__EXERCISE DETAILS__: An exact copy of the listing below is needed, with no pictures in it.

__DATA SECTION__:

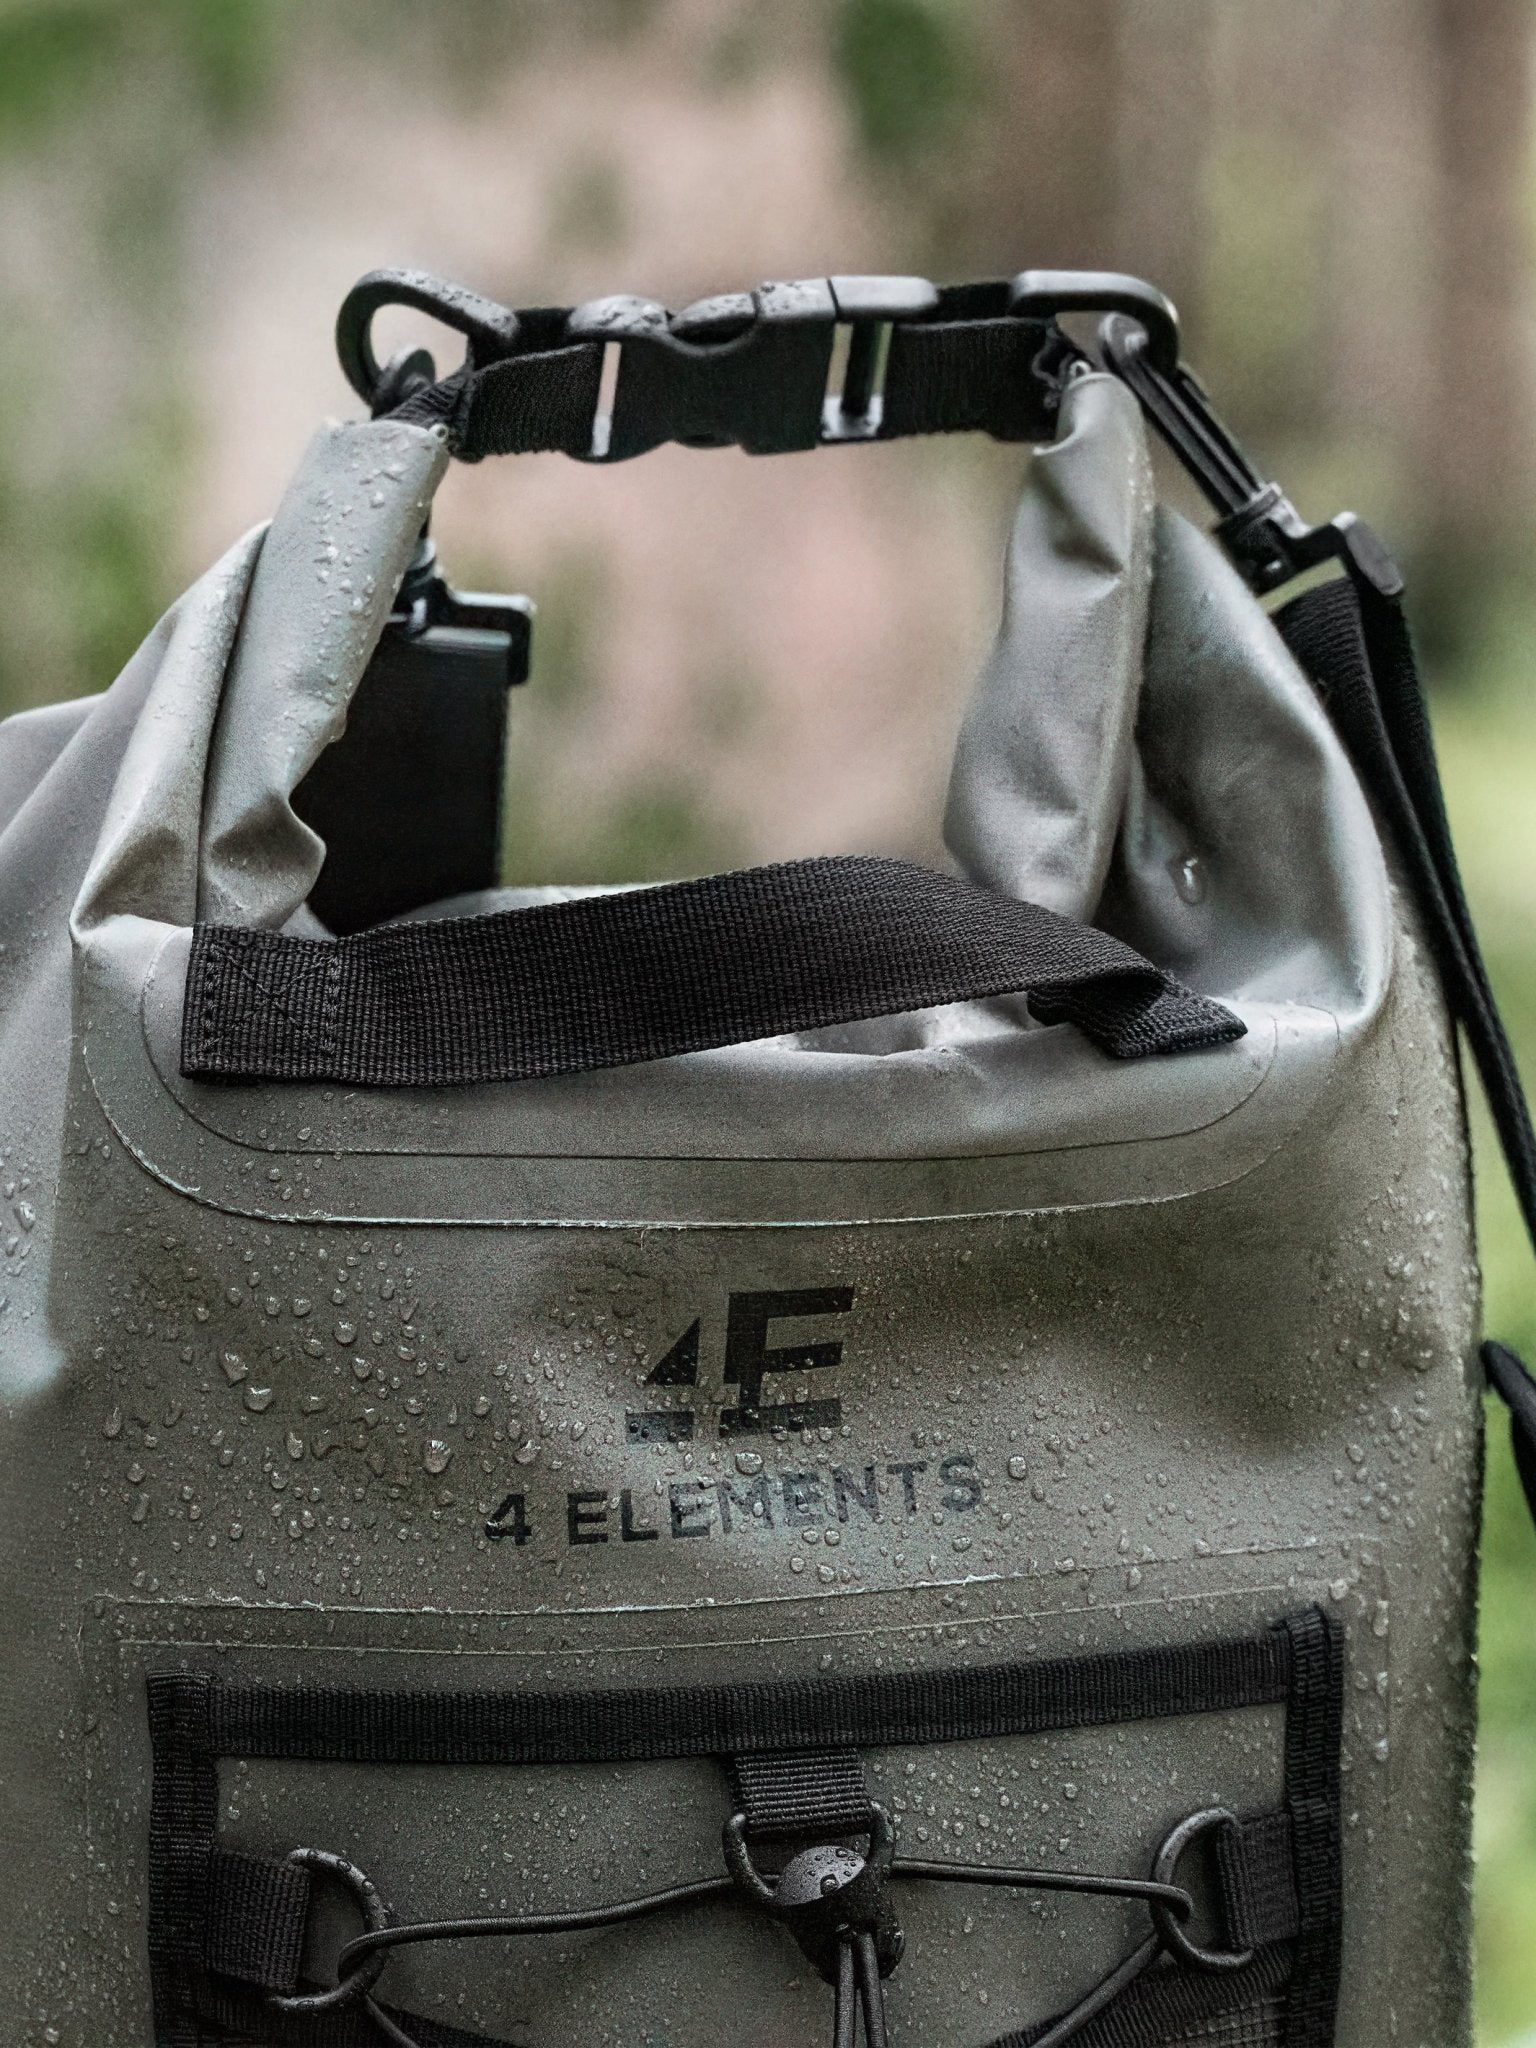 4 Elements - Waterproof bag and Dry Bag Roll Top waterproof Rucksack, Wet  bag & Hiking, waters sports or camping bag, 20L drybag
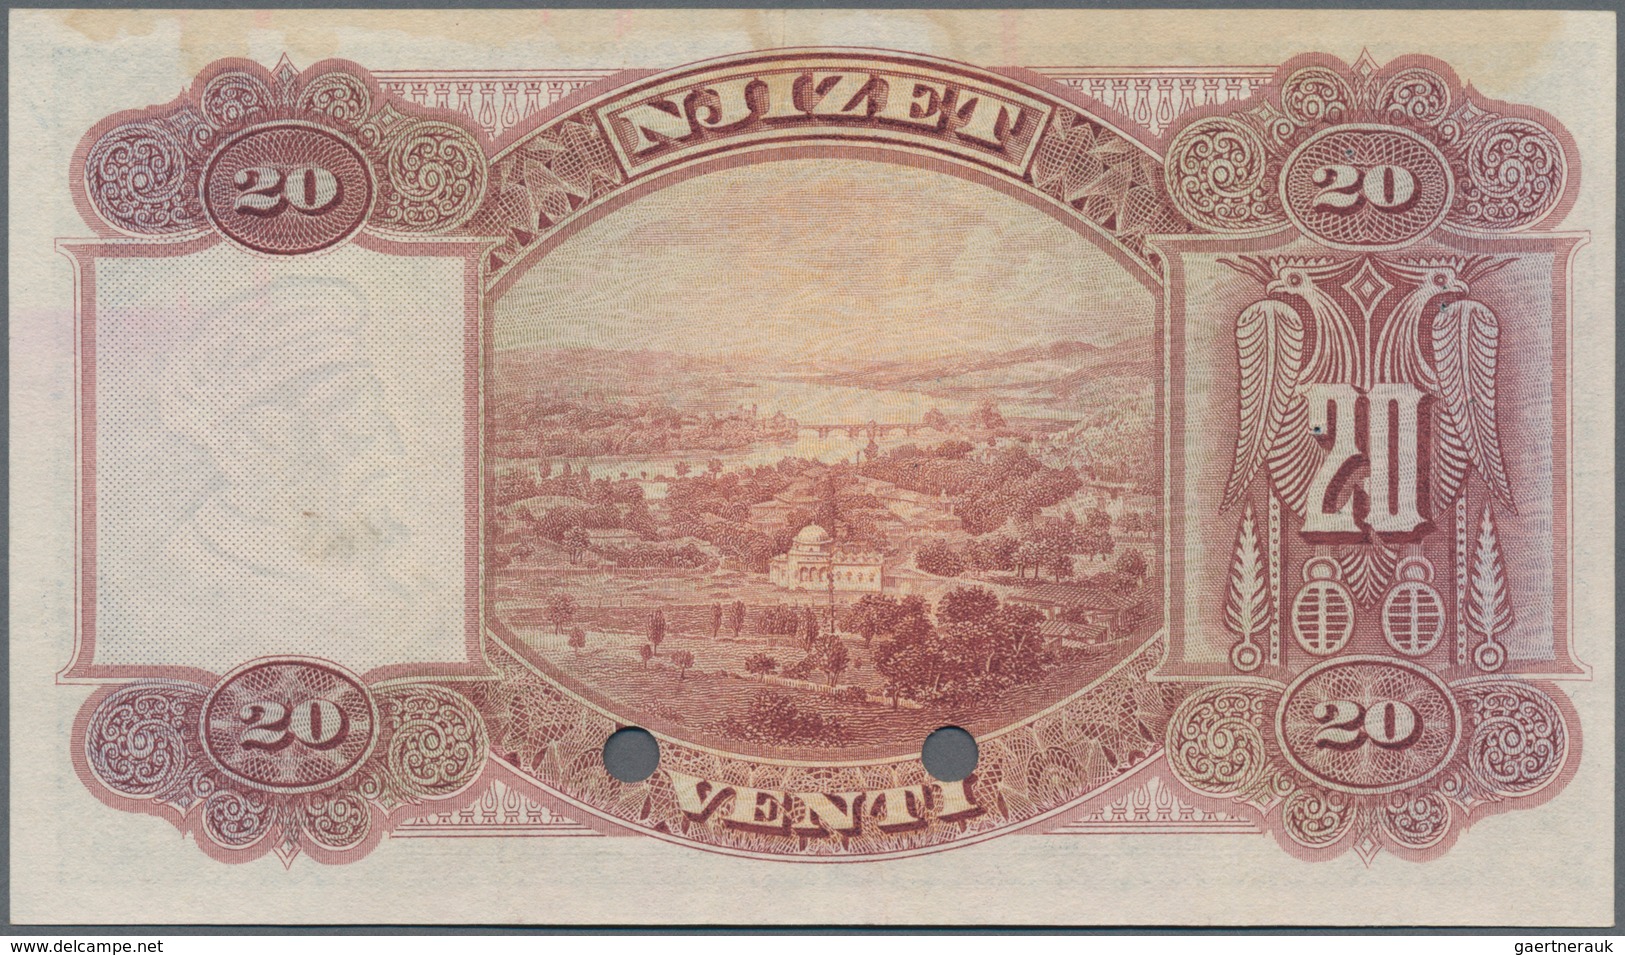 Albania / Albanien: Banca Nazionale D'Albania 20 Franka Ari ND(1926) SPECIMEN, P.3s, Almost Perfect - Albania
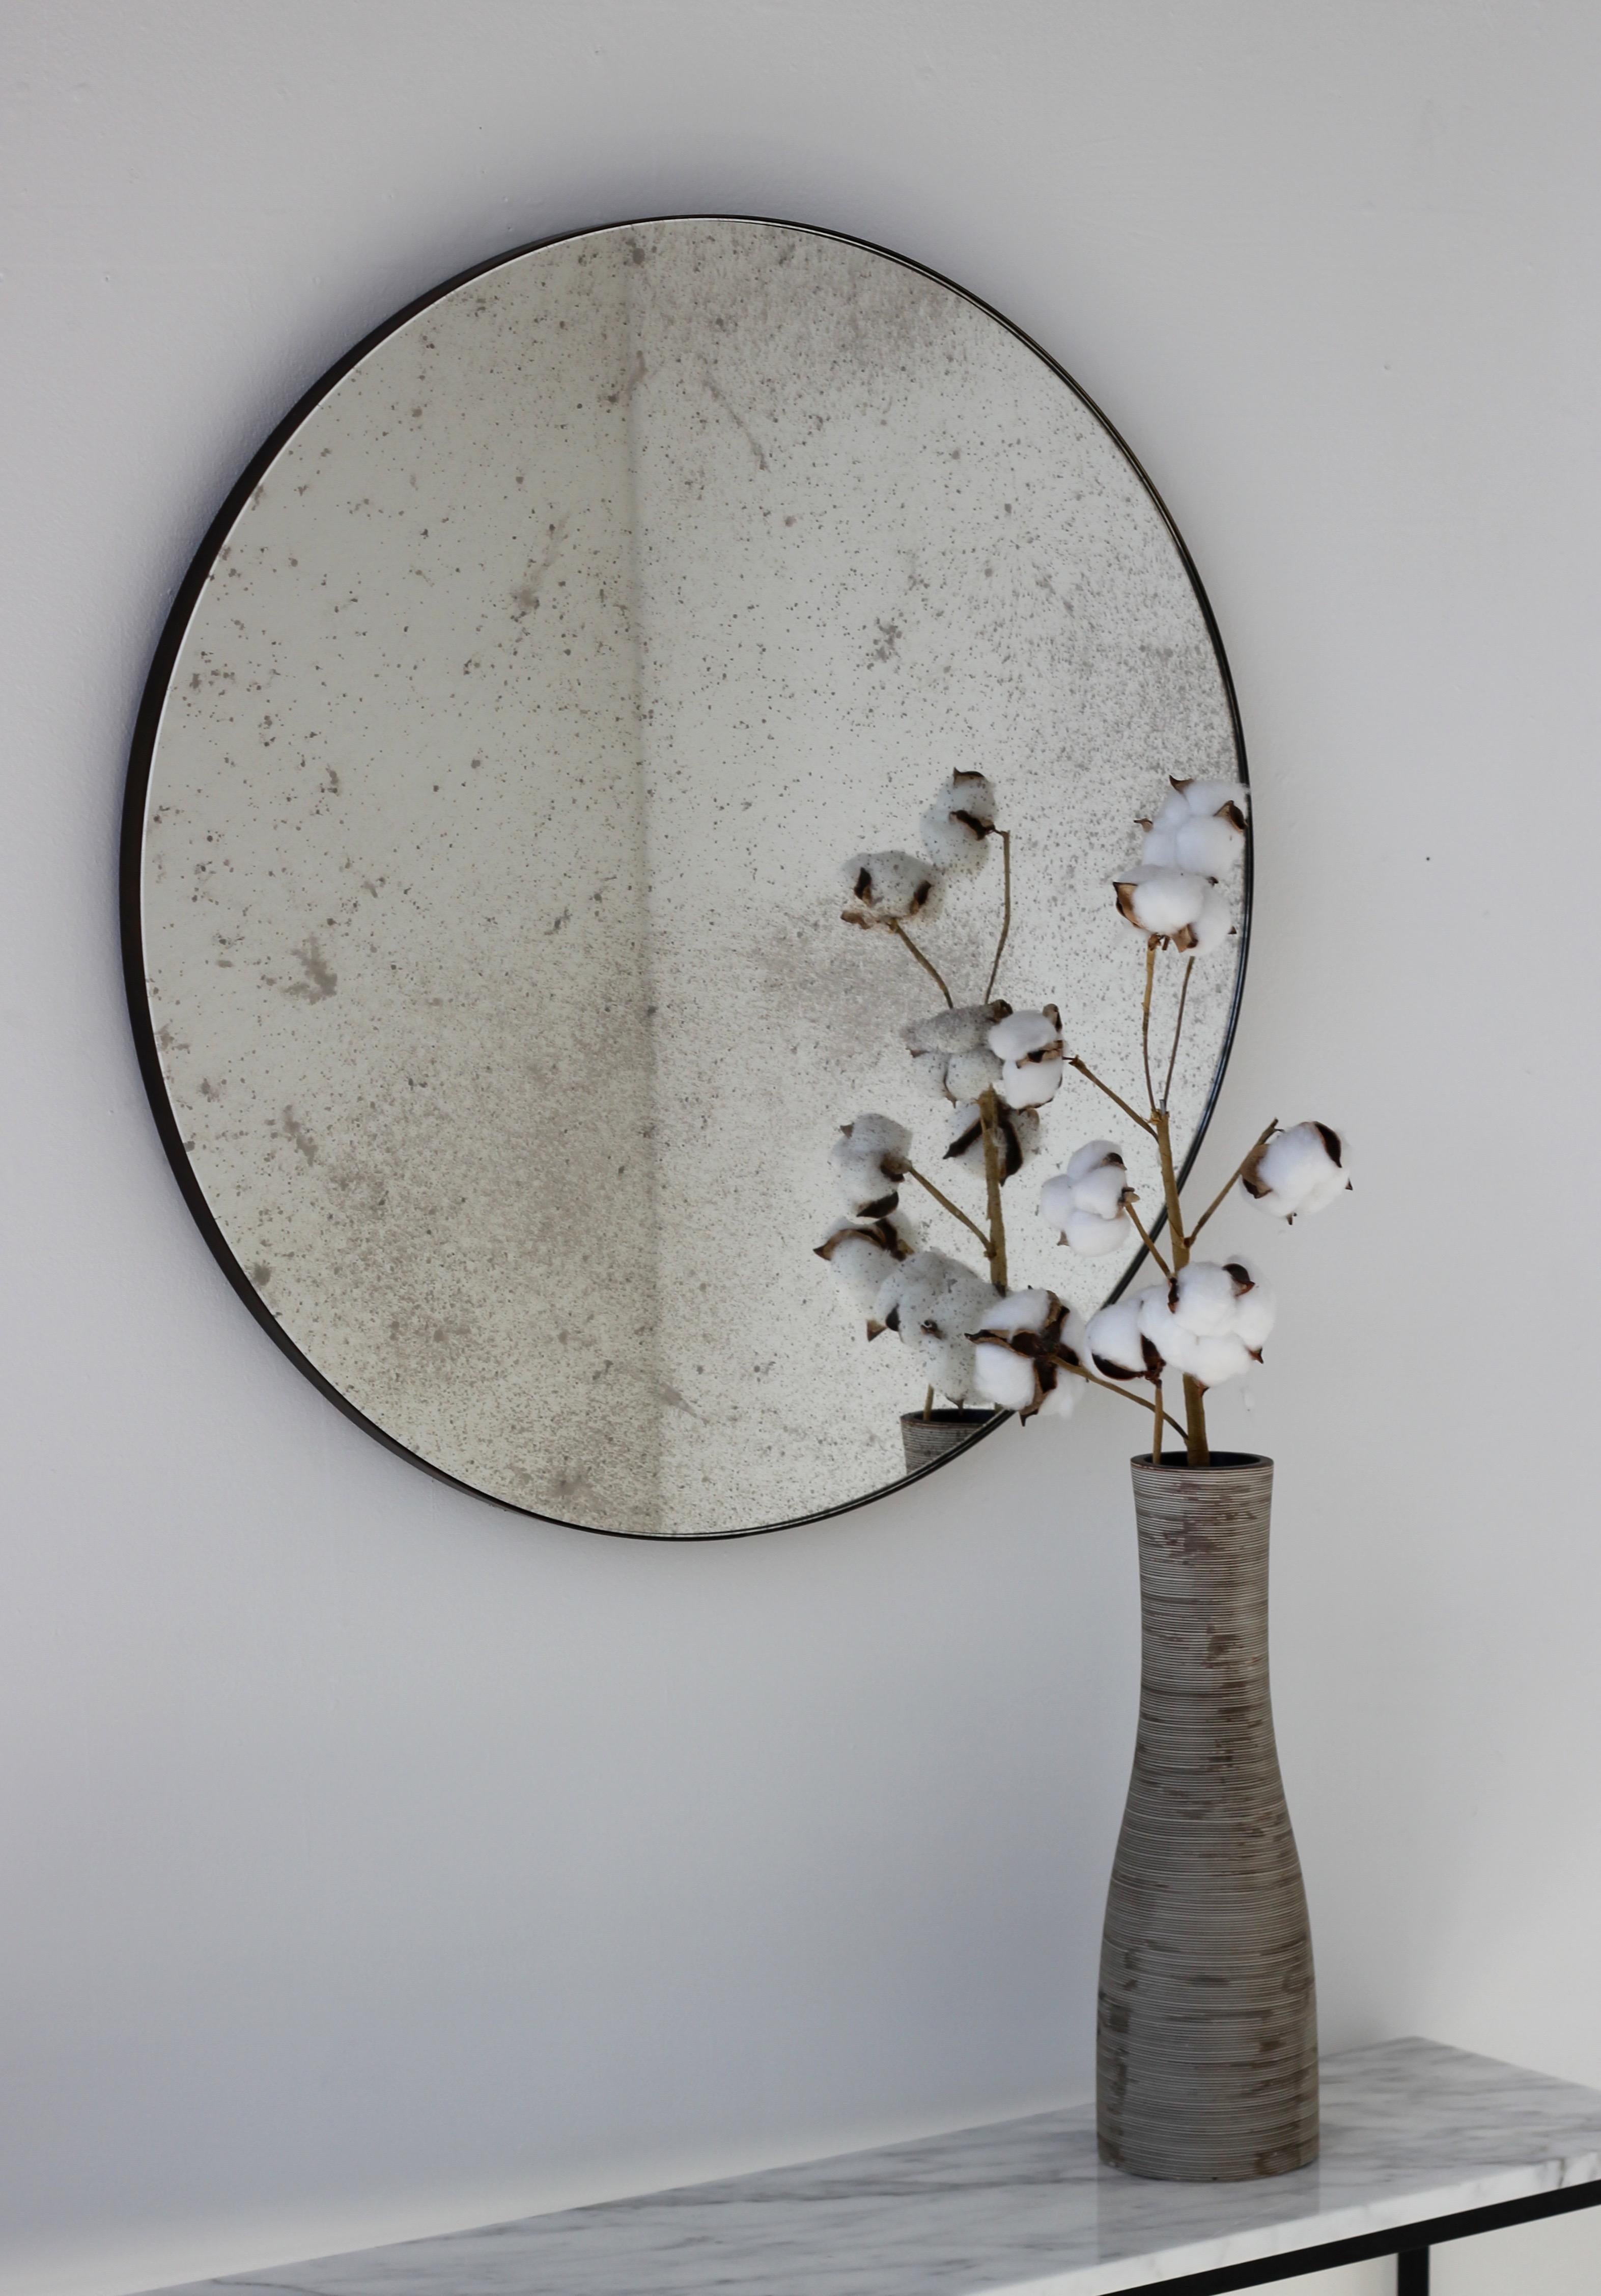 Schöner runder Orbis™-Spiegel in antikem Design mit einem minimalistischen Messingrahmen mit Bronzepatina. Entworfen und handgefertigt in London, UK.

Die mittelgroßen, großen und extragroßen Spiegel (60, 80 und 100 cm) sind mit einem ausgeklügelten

__ANSWER AREA__:
 4 Elements - Waterproof bag and Dry Bag Roll Top waterproof Rucksack, Wet  bag & Hiking, waters sports or camping bag, 20L drybag
 Albania / Albanien: Banca Nazionale D'Albania 20 Franka Ari ND(1926) SPECIMEN, P.3s, Almost Perfect - Albania
 Schöner runder Orbis™-Spiegel in antikem Design mit einem minimalistischen Messingrahmen mit Bronzepatina. Entworfen und handgefertigt in London, UK.

Die mittelgroßen, großen und extragroßen Spiegel (60, 80 und 100 cm) sind mit einem ausgeklügelten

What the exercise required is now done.